A century after Marx, Ludwig Wittgenstein, perhaps without intending to, contributed a new formulation of the Marxian contradiction between living and dead labour – a formulation that, this paper will argue, is of great help in clarifying the continuing relevance of the contradiction in an age of computer-mechanized law and renewed struggles over the commons. Wittgenstein's “rule-following paradox” states that rules – which can be taken to include the “frozen” algorithms that both 19th-century steam-driven machinery and 21st-century computers are designed to “execute” repeatedly at high speeds using thermodynamic energy – are useless in the absence of people who, working at a meta-level, understand when they apply and when they can be broken (which is why “work to rule” is such a powerful weapon of labour resistance). And similarly for any second rule anyone might formulate about how to interpret the first rule; and so on.

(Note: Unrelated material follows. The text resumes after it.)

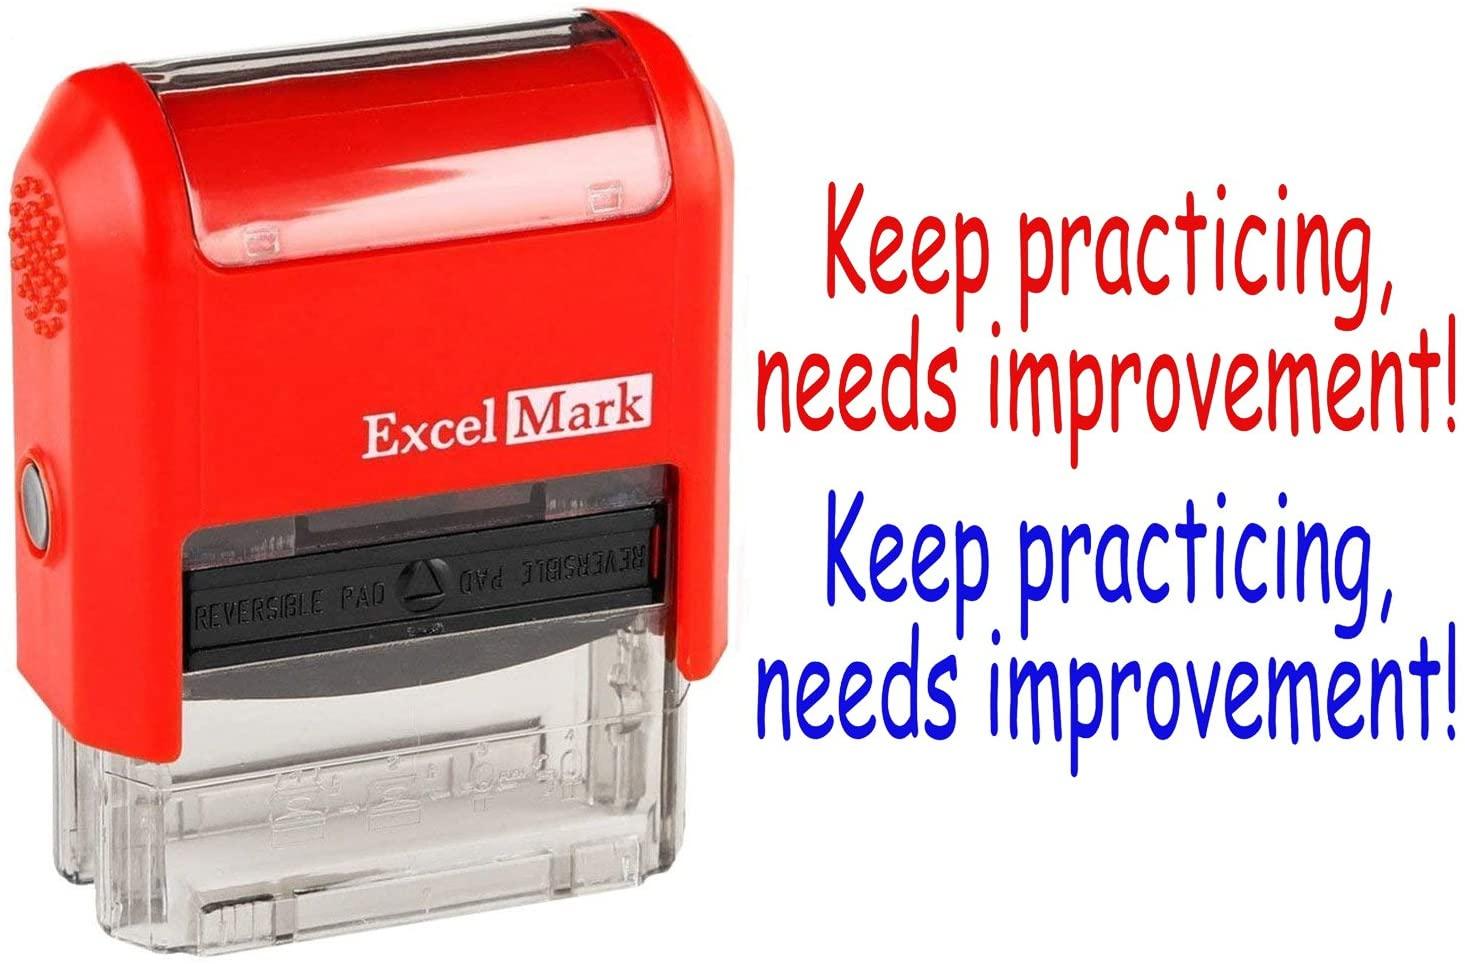 ExcelMark Self-Inking Rubber Teacher Stamp Keep Practicing, Needs Improvement!

In their efforts to see the history of mechanization under capitalism steadily and to see it whole, political economists can benefit greatly from the assistance of philosophers and sociologists of scientific knowledge – such as Harry Collins and Martin Kusch – who have engaged in empirical studies of the rule-following paradox in action in contexts where machines and humans operate together. As a case study, this paper will explore recent visionary efforts to graft a Decentralized Autonomous Organization onto a German forest, using blockchain and automated “smart contracts” to produce the first instance of “Nature 2.0”. It will show how the Nature 2.0 case once again brings to the fore very old capitalist desires, anxieties and internal conflicts regarding perpetual motion machines and the inability of automation, by itself, to create capitalist value.